第14話
バジニアが捕らえて拘束していた黒い塊、その正体は以前にサイモンがお説教をし、その隙にマーレが尻尾を切って撃退したリザードマンのロッコウでした。いかにも再生途中という感じの中途半端な尻尾が何よりの証拠です。
意外な場面での再会にサイモンは驚きを隠せません。それと同時にロッコウが拘束されている事に気付くと、慌てて彼を開放すべく動き出します。
「バジニアさん、その方は知り合いというか何と言うか……とにかく開放してあげてください!」
「でもコイツ村の周りをコソコソ嗅ぎまわってメッチャ怪しかったで。ウチはてっきり刺客や思たんやけど」
「事情はお話ししますから、とりあえず縄をほどいてください」
事情を知らないバジニアはちょっと
さてさて、かくして無事解放されたトカゲ男のロッコウ。
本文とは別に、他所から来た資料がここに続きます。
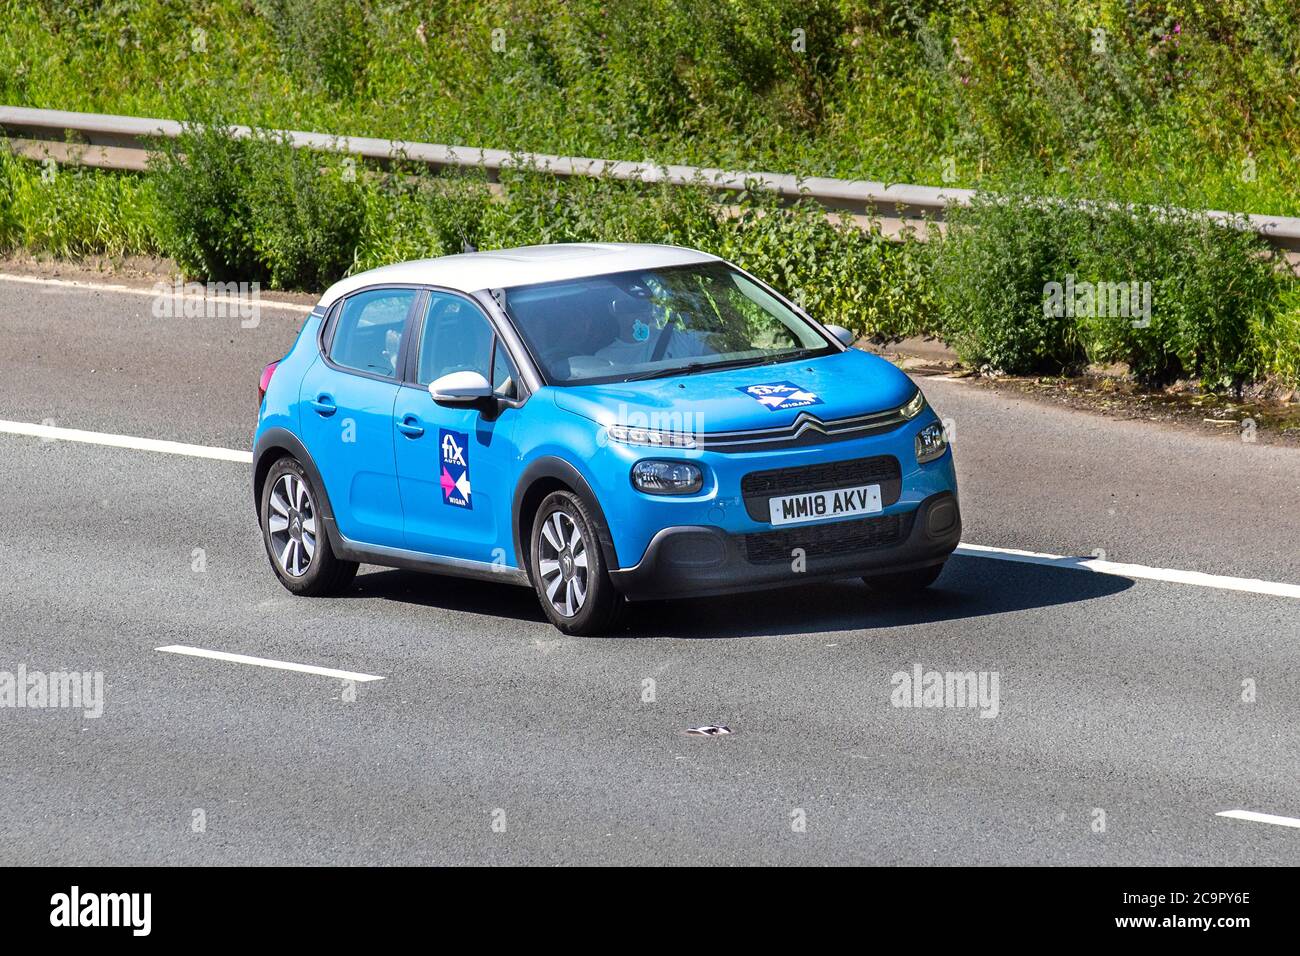 FIX AUTO Wigan 2019 blue Citroën C3 Feel Puretech; Vehicular traffic moving vehicles, cars driving vehicle on UK roads, french motors, motoring on the M6 motorway highway network. Stock Photo

目の前にはいつかと同じくサイクロプスが正座して待ち構えています。もっとも、以前とはサイモンの心の内が全く異なっておりました。
「その節は、大変失礼いたしました。突然の事で回復魔法もかけてあげられず、まことに申し訳ありません」
サイクロプスが巨体を折り曲げ丁重に土下座する光景は、珍しくもありますがある意味恐ろしくもあります。なにせ迫力が半端ないですからね、謝られているはずのロッコウもそのせいか言葉を失っているようです。
「サイモン、謝ることあらへんで。あんたの話の通りやったらそらマーレも悪いかもしれんけど、やっぱり本を正せばコイツが池乗っ取ろうとしたんがそもそもやろ」
サイモンがなぜこのリザードマンに謝っているのか、バジニアもサイモンからその時の話を聞きました。事情を知ったバジニアは、やはりロッコウが悪いとの判断により鋭い目つきでドスに手をかけています。
当然ロッコウは大慌て。しかしその慌て方は少し予想と違うものでした。
「はぁ!? ま、待て待て! オレが池を乗っ取ろうとしたって? 何の話だ!?」
「えっ? それはマーレが……」
そう、マーレが言っていた事です。しかし逆を言えばマーレがそう言っていたというだけで、ロッコウ自身は「池を明け渡せ」だとか別に何も言っていない事にサイモンは気付きました。
「マ……マーレ!?」
ある種救いを求めるような気持ちでサイモンはマーレを問いただそうとしました。しかしさっきまでそこにいたはずのマーレがどこにも見当たりません。
「逃げたな」
「逃げましたね」
いったいいつの間に姿を眩ませたのやら。残念ながらマーレには逃げられてしまったようです。
ですが逃げられてしまったものは仕方がありません。そしてそれはロッコウの言い分が真実であるとの裏付けになる事を表していました。
「本当に……重ねてお詫び申し上げます。もうなんと言っていいのか……」
再び這いつくばるように折り曲げられたサイクロプスの巨体から、絞り出すような謝罪の言葉が漏れ出してきます。マーレに騙されたようなものだとはいえ、結果として無実の魔物を酷い目にあわせてしまったのです、サイモンの心中は穏やかではありません。
すると、そんなサイモンを見かねたのか、ずっと難しい顔で様子を伺っていたバジニアが口を開きました。
「なあ、マーレの言うた事が嘘やったとして、アンタはなんであの池に来たん? 何回か行っとるのは事実のようやし、たまたま寄ったワケやあらへんよね?」
彼女の言う通り、真相を知るためには双方の話を聞いておく必要があるでしょう。問い詰められたロッコウはしばらくの間バジニアと睨み合っていましたが、不意に気が抜けたように笑いました。
「はっ、お前らもあいつには手を焼いてるみたいだな」
その口ぶりに、体を起こしたサイモンは違和感を覚えます。
「お前ら『も』という事は、あなたはマーレと知り合いなのですか?」
「……いいや」
ロッコウはそう言いながら顔をそらします。そしてふうっとため息をひとつつくと、再びサイモンの方を向いて話し始めました。チラリとバジニアを見た彼の目線から察するに、『あまり言いたくない事だけどもはや言わざるを得ない』といったところでしょうか。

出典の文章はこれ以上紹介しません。